Cómo hemos cambiado





Tras las finales de 1972, aquéllas en las que el baloncesto le devolvió a Jerry West todo lo que éste le había dado antes, diecisiete de los venticinco campeonatos que se habían disputado hasta la fecha habían sido ganados por sólo dos franquicias. Cuando la liga celebró su quincuagésimo aniversario en el All Star de Cleveland esas mismas dos franquicias sumaban ya veintisiete títulos. Aún hoy, en pleno invierno de 2013, los treinta y tres anillos que suman Boston Celtics (17) y Los Ángeles Lakers (16) les dotarían de una mayoría absoluta en un hipotético parlamento aristocrático en el que la máxima de “una persona un voto” hubiera sido transformada por otra más clasista con el lema “un anillo un voto”.

Estos números invitarían a pensar en una liga polarizada y sectaria con contratos de televisión negociados equipo por equipo y con una palmaria disparidad presupuestaria entre las diferentes franquicias. Pero no, esto no es la liga de fútbol española y son otros los factores que explican esta aparente diarquía. No me duele reconocer (en realidad sí) que once de los diecisiete títulos célticos se lograron en campeonatos con ocho o nueve equipos participantes. En realidad no sé si esto le quita mérito a aquellas gestas o si, tal vez, le otorga un plus de dificultad. Y es que el talento se concentraba irremediablemente en unas pocas franquicias y todas ellas contaban con al menos tres jugadores con grandes posibilidades. Lo cierto, aunque escueza, es que en los últimos veinteseis años la ciudad de Boston sólo se ha engalanado en una ocasión para honrar a sus orgullosos Celtics. Fue en 2008 y, apunten esta fecha porque puede que se convierta en una nueva, vieja, referencia para los aficionados del equipo de la Beantown. 
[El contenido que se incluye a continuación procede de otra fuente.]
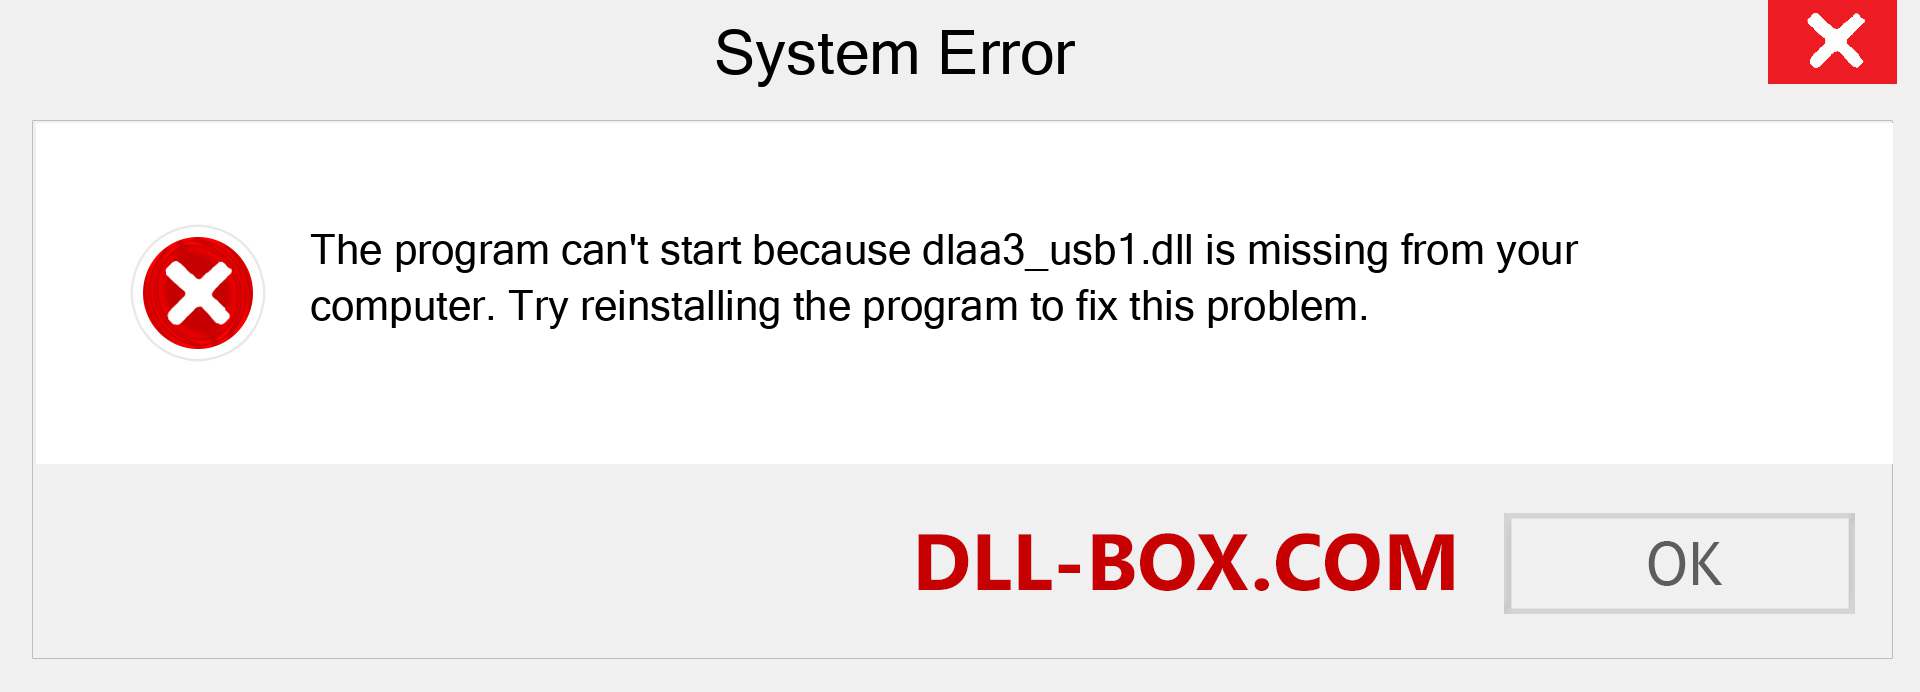  dlaa3_usb1.dll file is missing?. Download for Windows 7, 8, 10 - Fix  dlaa3_usb1 dll Missing Error on Windows, photos, images

Los Lakers, por su parte, deben agradecerle cinco anillos a la dominante y eminente figura de un George Mikan que reinó en la liga allá por los años 50. En aquel campeonato recién nacido y lleno de imperfecciones que el tiempo ha ido curando, un jugador de su tamaño e inteligencia era prácticamente imparable. Ya en Los Ángeles, los Lakers tuvieron que esperar varios años para recuperar una senda que la sombra de Bill Russell se empeñó en oscurecer. Tuvo que llegar Magic para que Kareem recuperase su mejor versión y para que Los Ángeles vibrase de nuevo al ritmo del mejor baloncesto que se ha practicado jamás en este planeta. Shaquille, Kobe y Gasol contribuyeron a engrandecer la historia de la franquicia, pero otros nombres, en plena actualidad, se están ocupando de poner en solfa esta incontestable grandeza. 


Sólo por si fuera verdad aquello de “la historia para los historiadores” (¿o era América para los americanos) utilizaré también argumentos más cercanos en el tiempo para dotar de contenido al título de esta entrada. Resulta que el próximo 17 de junio se cumplirán tres años del séptimo partido de las finales de la NBA de 2010 disputadas entre Boston Celtics y Los Ángeles Lakers y que concluyeron con el triunfo angelino en un apretado encuentro. Los Lakers contaban con la mejor pareja interior del campeonato, con una de sus tres máximas estrellas y con el sexto hombre más decisivo. Los Celtics, por su parte, vivían de las genialidades de tres futuros hall of famers y de la bendita locura del base más brillante de la competición. Para los de Boston aquella final suponía el cierre definitivo de una ventana que después, por avatares de la vida y gracias al orgullo de los jugadores, permanecería abierta un par de años más. Para los Lakers, en cambio, nada hacía indicar que aquél fuera el principio de un final que comienza a hacerse demasiado largo. En Los Ángeles alguien debería tomar la palabra y sentenciar definitivamente un caso que desde la salida de Phil Jackson demanda una operación a corazón abierto. Más bien, un lavado de estómago con el que limpiar las células envejecidas de sus otrora referencias y los depósitos de idiotez de las nuevas incorporaciones. 

Menos de tres años después de su última aparición en las finales Lakers y Celtics transitan por la tierra de nadie de la liga con más pena que gloria. Los primeros arrastran el peso de estrellas sobrevaloradas económicamente. A los segundos les pesa el paso de los años, las caprichosas piernas que se resisten a concederle tan siquiera un deseo a sus viejos dueños. De poco sirve ahora apelar a los tiempos pasados. Un Van Gogh siempre será un Van Gogh, pero en el deporte, en su espiral vertiginosa, el pasado será simplemente eso, pasado.

UN ABRAZO Y BUEN BALONCESTO PARA TODOS

1 comentarios:

Explorador dijo...

Sí...las cosas han cambiado y quien tuvo éxito ayer fracasará mañana..pero la gratitud impone ciertas consideraciones, también. Eso, y que a veces la avaricia rompe el saco.